As we begin 1 Peter chapter 3, I recognize that as a man it would be easy to tune me out at this time.  A lot of garbage has washed under the bridge of submission in the home.  So let me first try to bring us back to Peter’s main point.  He is concerned with our ability to submit because of the way in which our refusal to do it will cause Jesus to be seen as a rebel.  If we rebel against authorities in the name of God’s Word then we can give the wrong impression of who God is.  In fact we will attract all the wrong people to the Church (rebels).  Jesus, who was God in the flesh, submitted himself to wicked authorities because he trusted the plan of the Father.

Yes, we can use God’s Word to justify rebellion against governments, and we can use God’s Word to justify a slave’s rebellion against his master.  But the goodness of the government or master was never the question.  It was an issue of the heart.  It is hard for modern man to hear these words, especially Americans.  We are so used to getting our way that we don’t understand how we more easily embrace rebellion and despise submission.  Submission as a virtue does have boundaries.  But even then our response needs to be more about submitting to God’s will above the will of an earthly authority, rather than one that is about my flesh rebelling against authority.  America was not founded upon a rebellious “no one will be in authority over us.”  It was the desire to submit to God over the top of a wicked king.

So as we approach this subject of wives submitting to husbands, let’s approach cautiously and with a listening heart.

Wives Should Be Submissive To Their Own Husbands

It doesn’t take rocket science to see Peter’s first instruction.  He tells wives to “take their place under” the authority that a husband has been given.  The gospel taught that in Christ there was no longer slave and free, Jew and Gentile, or male and female.  Such teachings could naturally lead to strife in the homes of Christians.  It is important that we represent Christ well in this world.  If we send the wrong message in order to get our justice now, then we have sacrificed God’s reputation and ability to draw people unto him for ourselves.  Peter speaks against such selfishness in each of the cases of submission he has brought up.

Now notice that the context is not men and women.  Women are not told to be submitted to men in general.  But a wife should not strive with her husband for authority in the home.  Why would he say this?  Paul makes it clearer in Ephesians chapter 5.  Paul pointed back to creation and explained that God made the species of man as male and female on purpose.  He wanted the relationship of marriage between a man and a woman to be a picture of Christ’s love for the Church.  Thus when we marry we are not just agreeing to love each other.  We are also entering into an agreement to work together to model the relationship between Jesus and his Church.  Thus God gives man, not just the authority, but also the responsibility for the home.  Religion is not the “woman’s” place.  Each husband will be responsible before God for how he lead his family in worship of God or lack thereof.
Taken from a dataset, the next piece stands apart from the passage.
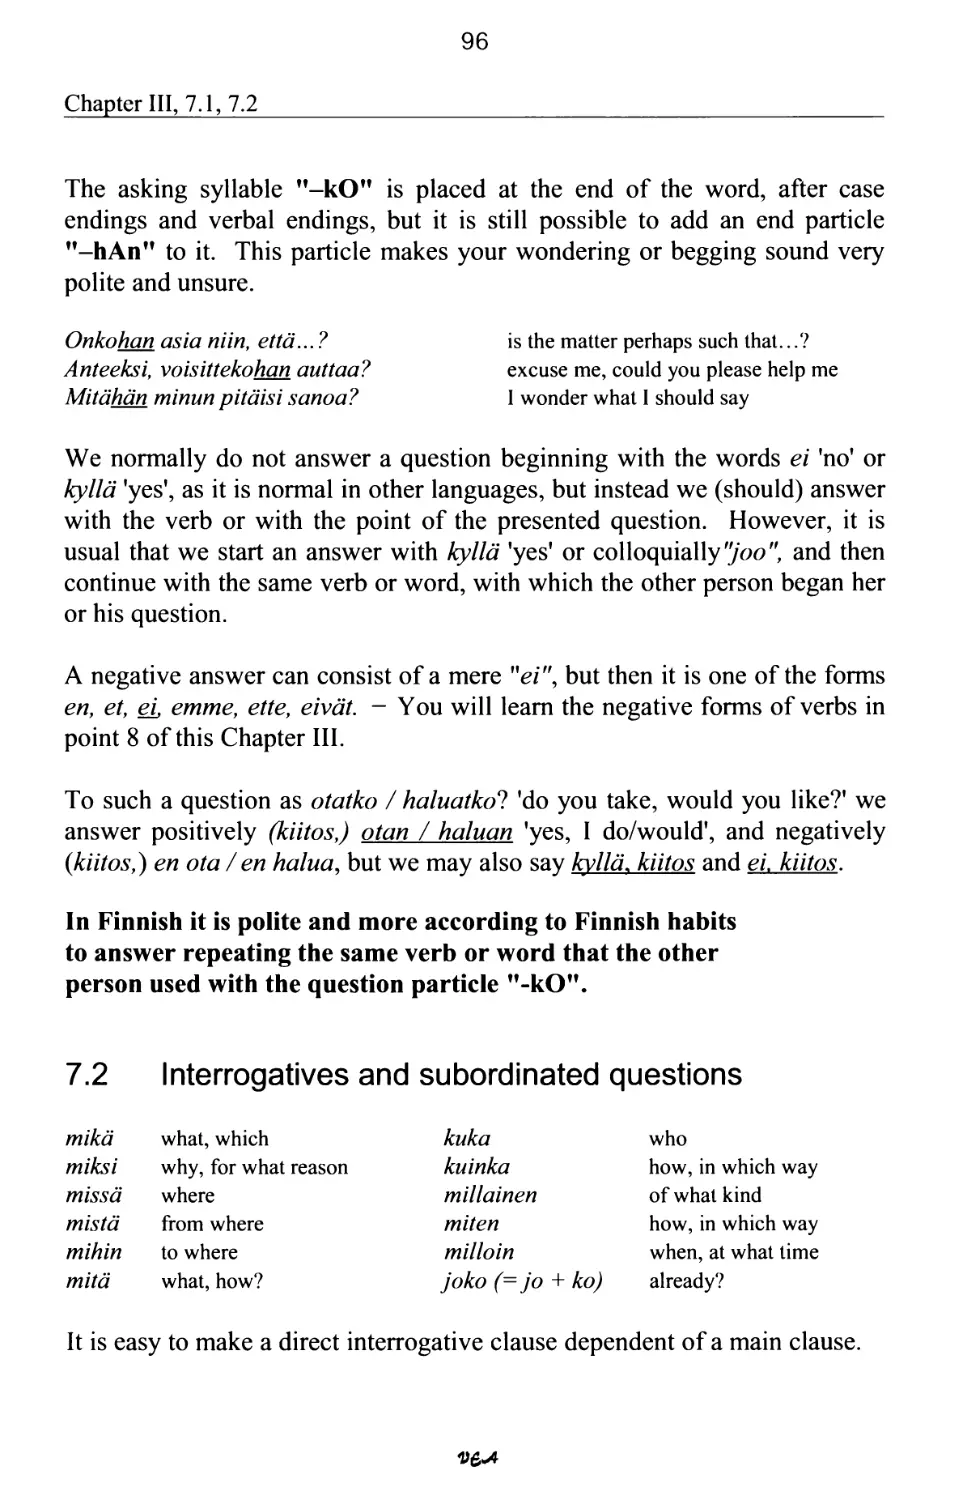 7.2 Interrogatives and subordinated questions

Peter recognizes that a believing woman married to an unbelieving husband would be tempted to divorce him, or at least fight his authority and ungodly leadership.  Peter asks the wife to submit to the ungodly husband in order to win him over to Christ.  Imagine telling your husband on one hand that he should turn from his sins and believe on Jesus (who submitted to death on a cross) and yet you are unwilling to submit to something far less.  Now are there obvious exceptions to Peter’s point?  Of course there are, however, Peter is not dealing with submission in the home as his main point.  It is a side point to the greater problem of Christians embracing rebellion and justifying it with God’s Word.  If a husband is physically abusing his wife then God is not telling her to submit to it.  However, it would be foolish to tell her to fight back.  In fact without repentance a divorce may be the only solution.  Can we hear the heart of Peter’s point without trying to completely dismiss it?
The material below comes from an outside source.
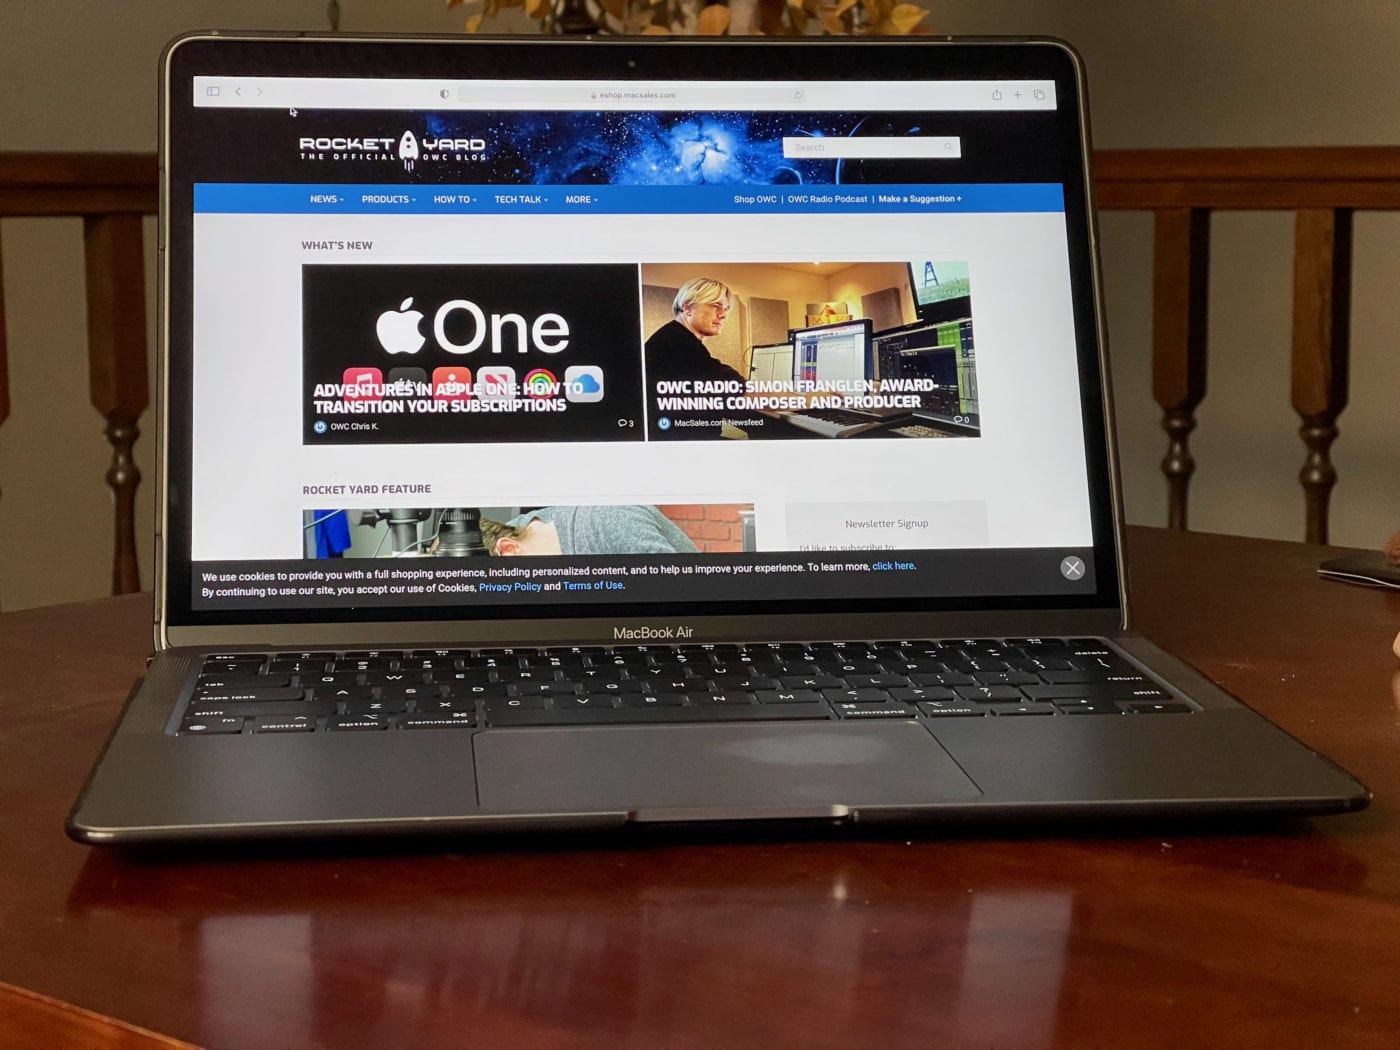 M1 MacBook Air: Benchmarks and Hands-On Review

Wives Should Have Virtues Of The Heart

Peter turns to women more fully and speaks to them as daughters.  Verse 3 begins to challenge them to be more concerned about their inner heart than their outer appearance.  This is not just about adornment but is connected to the issue of submission.  Must I force the conformance of my marriage to an outward appearance that I want, all the while losing the transformation that Christ is doing in my heart?  Peter is not asking women to “stuff it” and submit.  Rather he is asking them to focus on their inner heart and make sure it is following Jesus and not their own flesh.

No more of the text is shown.